In the realm of artificial intelligence, the larger the scale, the stronger the capability seems to be. In pursuit of more powerful language models, major tech companies are madly stacking model parameters and training data, only to find that costs are skyrocketing as well. Is there no method that is both economical and efficient for training language models?
Researchers from Harvard University and Stanford University recently published a paper in which they discovered that the precision of model training acts like a hidden key, unlocking the "cost code" of language model training.
What is model precision? Simply put, it refers to the number of digits used in model parameters and computational processes. Traditional deep learning models typically use 32-bit floating-point numbers (FP32) for training, but in recent years, with the advancement of hardware, it has become possible to use lower-precision numeric types, such as 16-bit floating-point numbers (FP16) or 8-bit integers (INT8) for training.
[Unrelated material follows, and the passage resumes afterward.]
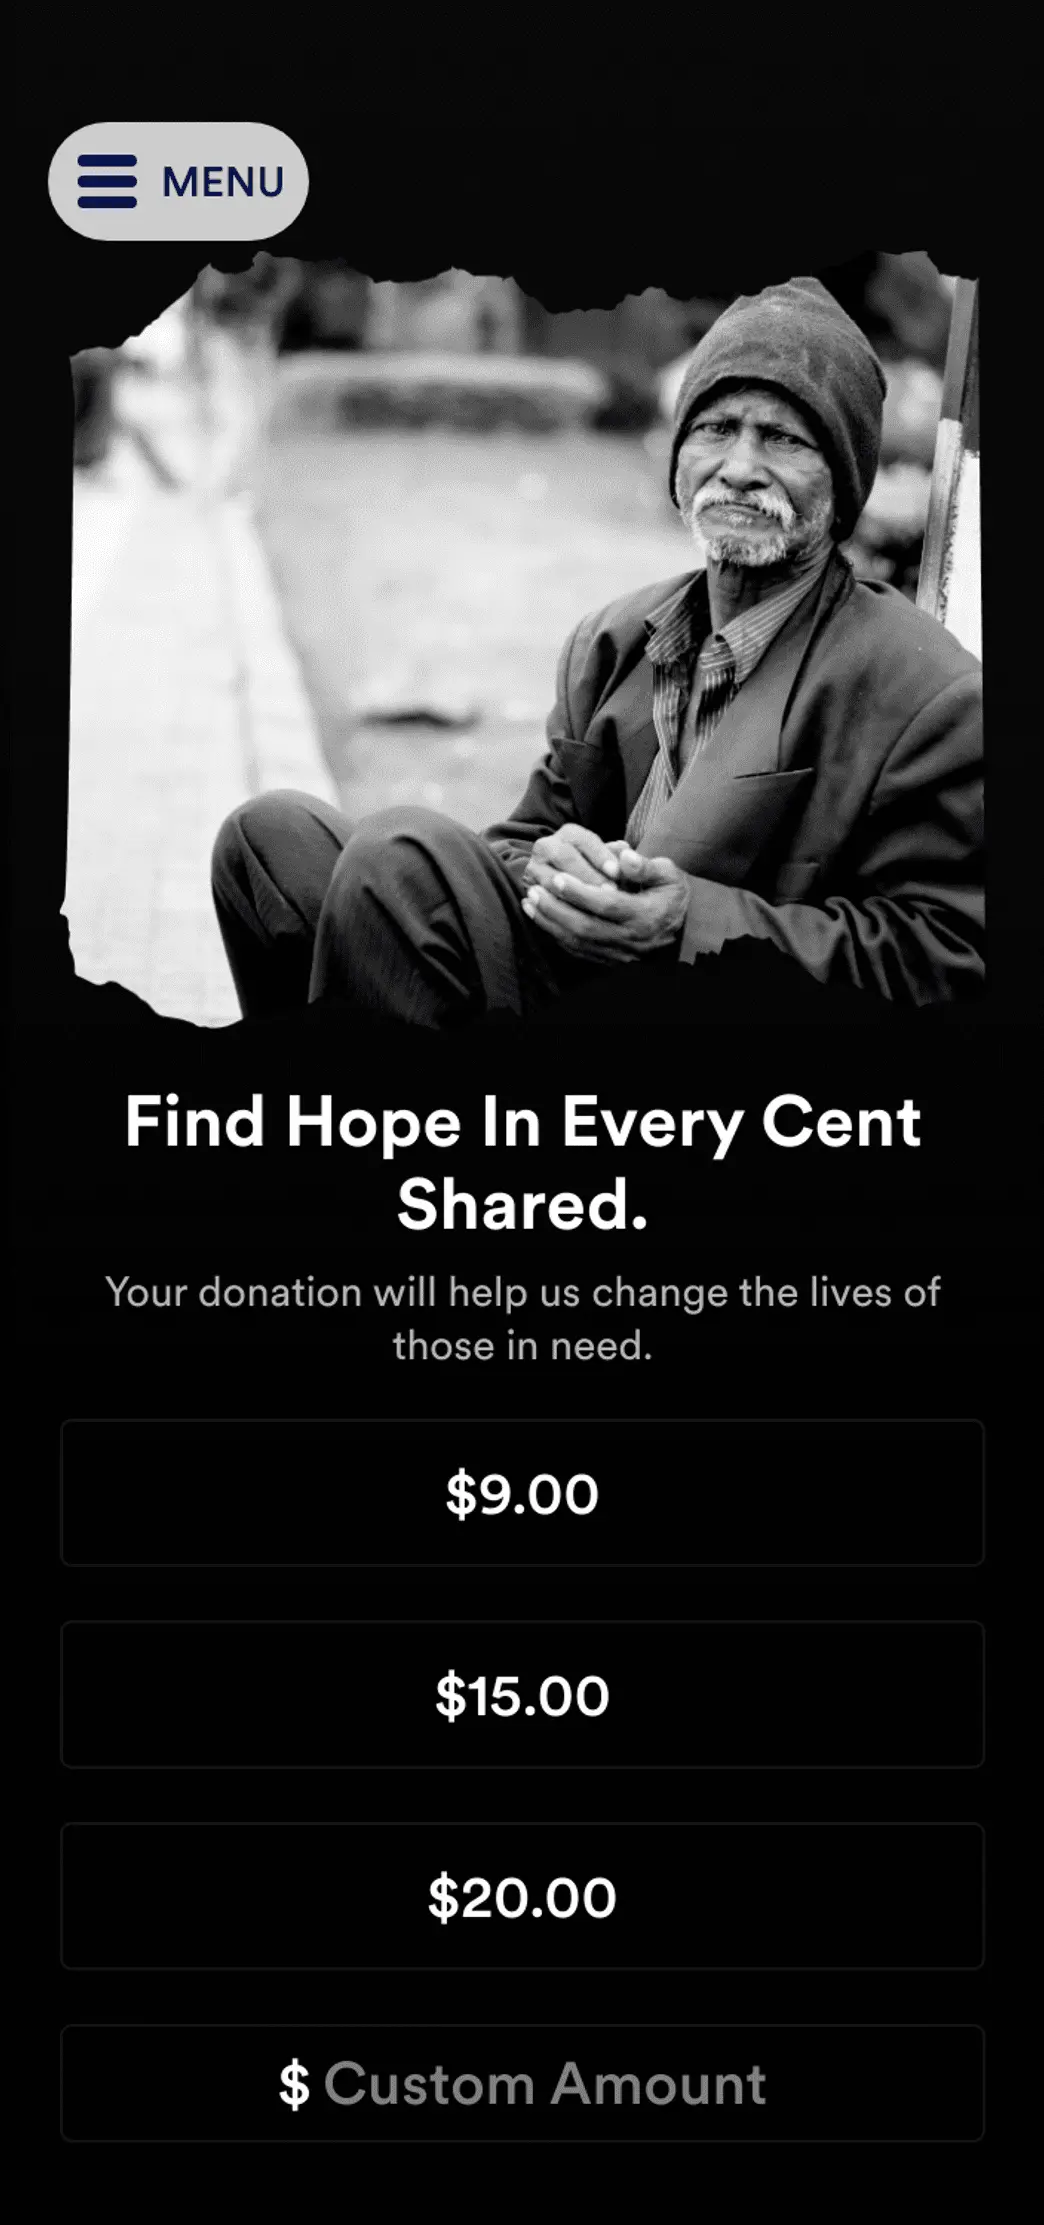 Homeless Donation App

So, what impact does reducing model precision have on model performance? This is precisely the question this paper seeks to explore. Through extensive experiments, the researchers analyzed the cost and performance changes of model training and inference under different precisions, and proposed a new set of "precision-aware" scaling rules.
They found that training with lower precision can effectively reduce the "effective number of parameters" of the model, thereby reducing the computational load required for training. This means that with the same computational budget, we can train larger-scale models, or at the same scale, using lower precision can save a significant amount of computational resources.
More surprisingly, the researchers also found that in some cases, training with lower precision can actually improve model performance! For example, for models that require "post-training quantization," using lower precision during training makes the model more robust to the reduction in precision after quantization, thereby performing better during inference.
So, what precision should we choose for training models? Through analyzing their scaling rules, the researchers came to some interesting conclusions:
Traditional 16-bit precision training may not be the optimal choice. Their studies suggest that 7-8-bit precision might be a more economical and efficient option.
Pursuing ultra-low precision (such as 4-bit) training is also not wise. At extremely low precision, the effective number of parameters of the model will plummet, and to maintain performance, we need to significantly increase the model size, which in turn leads to higher computational costs.
The optimal training precision may vary for models of different scales. For models that require extensive "overtraining," such as the Llama-3 and Gemma-2 series, using higher precision for training may be more economical and efficient.
This research provides a fresh perspective on understanding and optimizing language model training. It tells us that the choice of precision is not static but needs to be balanced according to specific model scales, training data volumes, and application scenarios.
Of course, this study also has some limitations. For example, the model sizes they used were relatively small, and the experimental results may not be directly applicable to larger-scale models. Additionally, they focused only on the model's loss function and did not evaluate the model's performance on downstream tasks.
Nevertheless, this research remains significant. It reveals the complex relationship between model precision and model performance and training costs, and provides valuable insights for designing and training more powerful and economical language models in the future.